Hi Sudip,
On 02/17/2019 06:59 PM, Thomas Gleixner wrote:
On Sun, 17 Feb 2019, Sudip Mukherjee wrote:
Hi Thomas,
On Sun, Feb 17, 2019 at 11:53 AM Thomas Gleixner <tglx@xxxxxxxxxxxxx> wrote:
On Sun, 17 Feb 2019, Sudip Mukherjee wrote:
Hi Greg,
On Mon, Dec 24, 2018 at 12:52:22PM +0100, gregkh@xxxxxxxxxxxxxxxxxxx wrote:
<snip>
I think we have a real usecase which is triggering this error and I was
still in the middle of debugging that.
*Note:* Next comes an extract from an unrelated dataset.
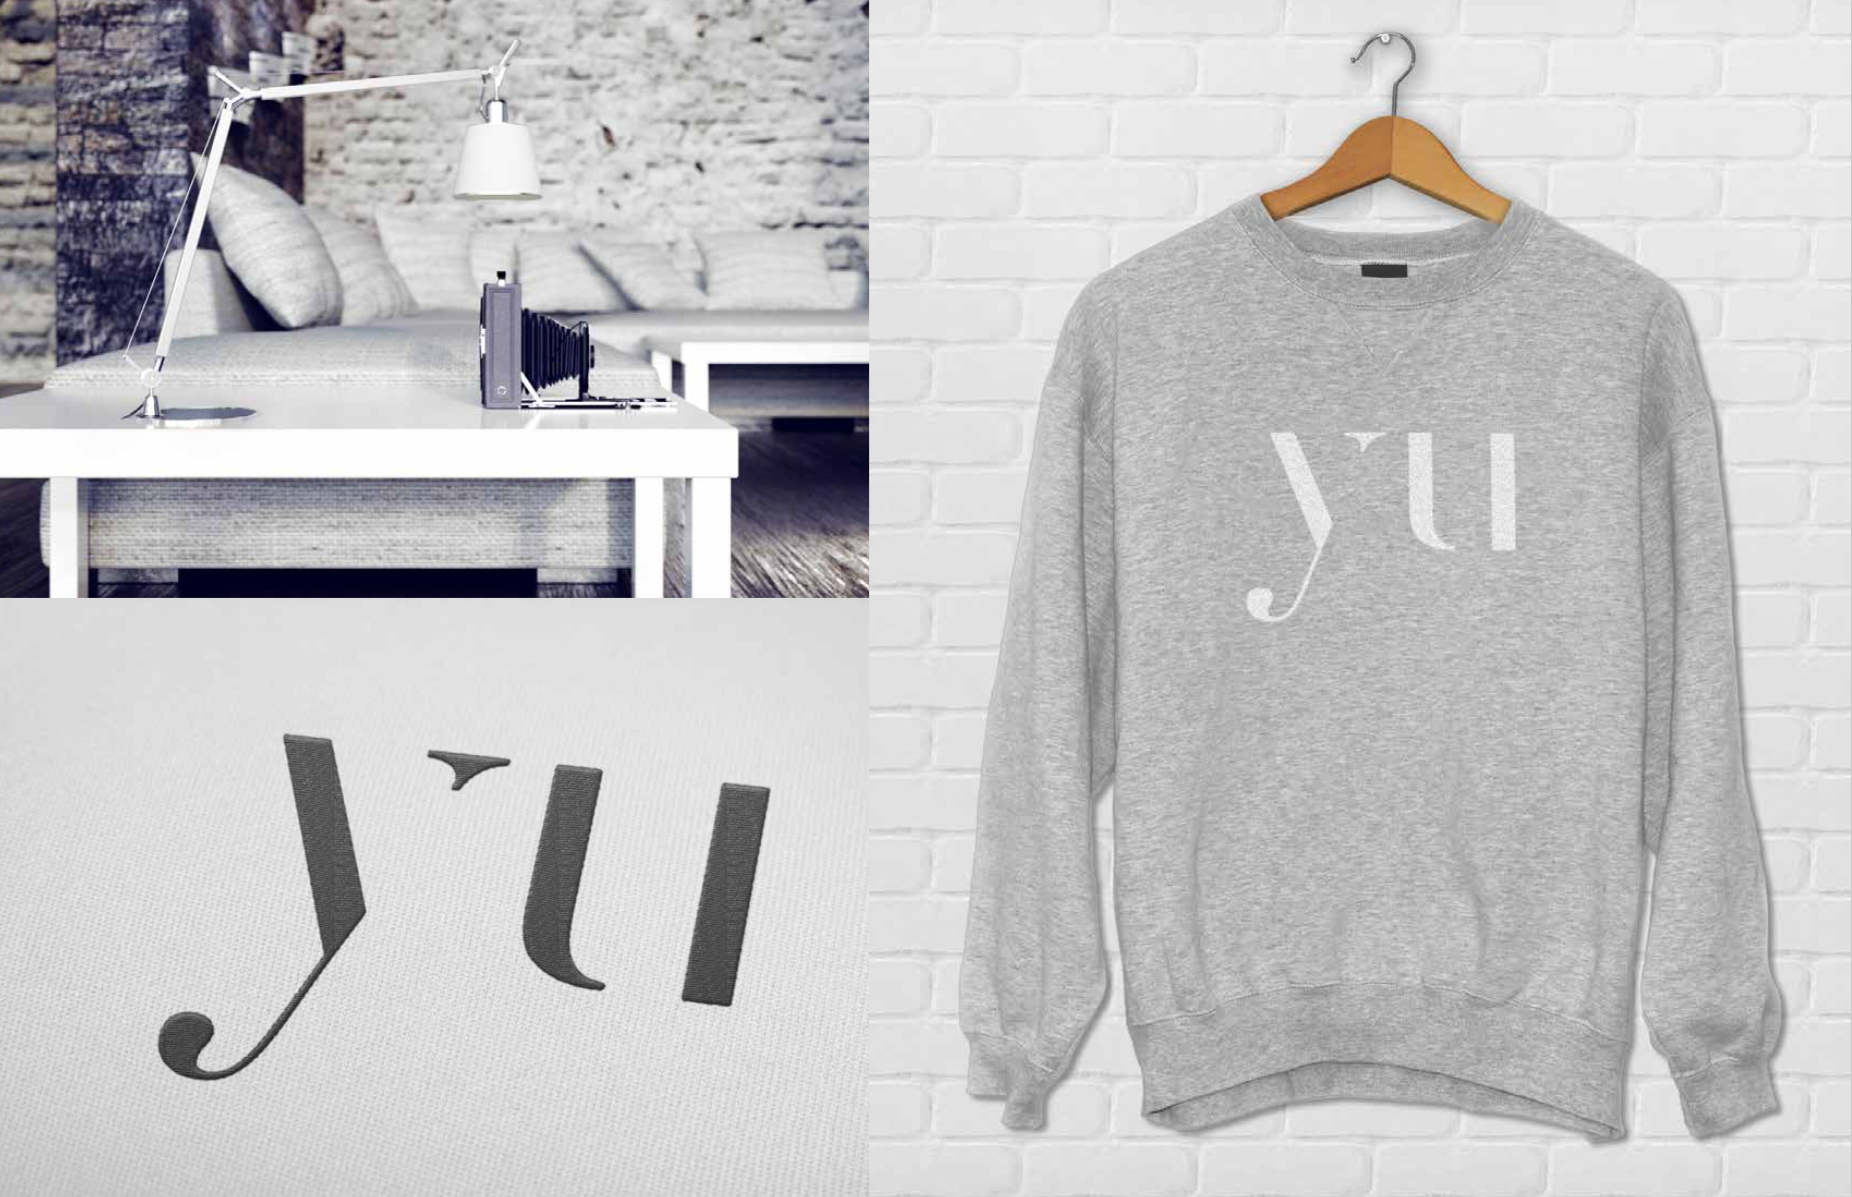 YU-bed-sleep-number-ben-rummel-design-6.png

But my initial analysis was
showing that the userspace thread was stuck in the indefinite loop.
=> This behaviour depends on the configuration of assert.
See glibc code in nptl/pthread_mutex_lock.c (you will encounter either
an abort due to assert or an indefinite loop):
/* ESRCH can happen only for non-robust PI mutexes where
the owner of the lock died. */
assert (INTERNAL_SYSCALL_ERRNO (e, __err) != ESRCH || !robust);
/* Delay the thread indefinitely. */
while (1)
__pause_nocancel ();
I have a reliable reproducer of the problem and will setup a test
tomorrow and confirm.
There are more patches in that area and you also need a fixed glibc.
I can see 1a1fb985f2e2 ("futex: Handle early deadlock return
correctly") is already there in 4.14-stable.
Is anything else missing, other than this one?
glibc might be a problem, but lets see what can be done.
Those two are the kernel side of affairs I think.
The relevant glibc commits are:
8f9450a0b7a9e78267e8ae1ab1000ebca08e473e
=> Needed for pthread_mutex_lock / pthread_mutex_timedlock (within glibc
release 2.25)
823624bdc47f1f80109c9c52dee7939b9386d708
=> Needed for pthread_mutex_trylock (will be within next glibc release
2.30, but is backported to glibc release branches 2.25 ... 2.29)
Bye
Stefan
Thanks,
tglx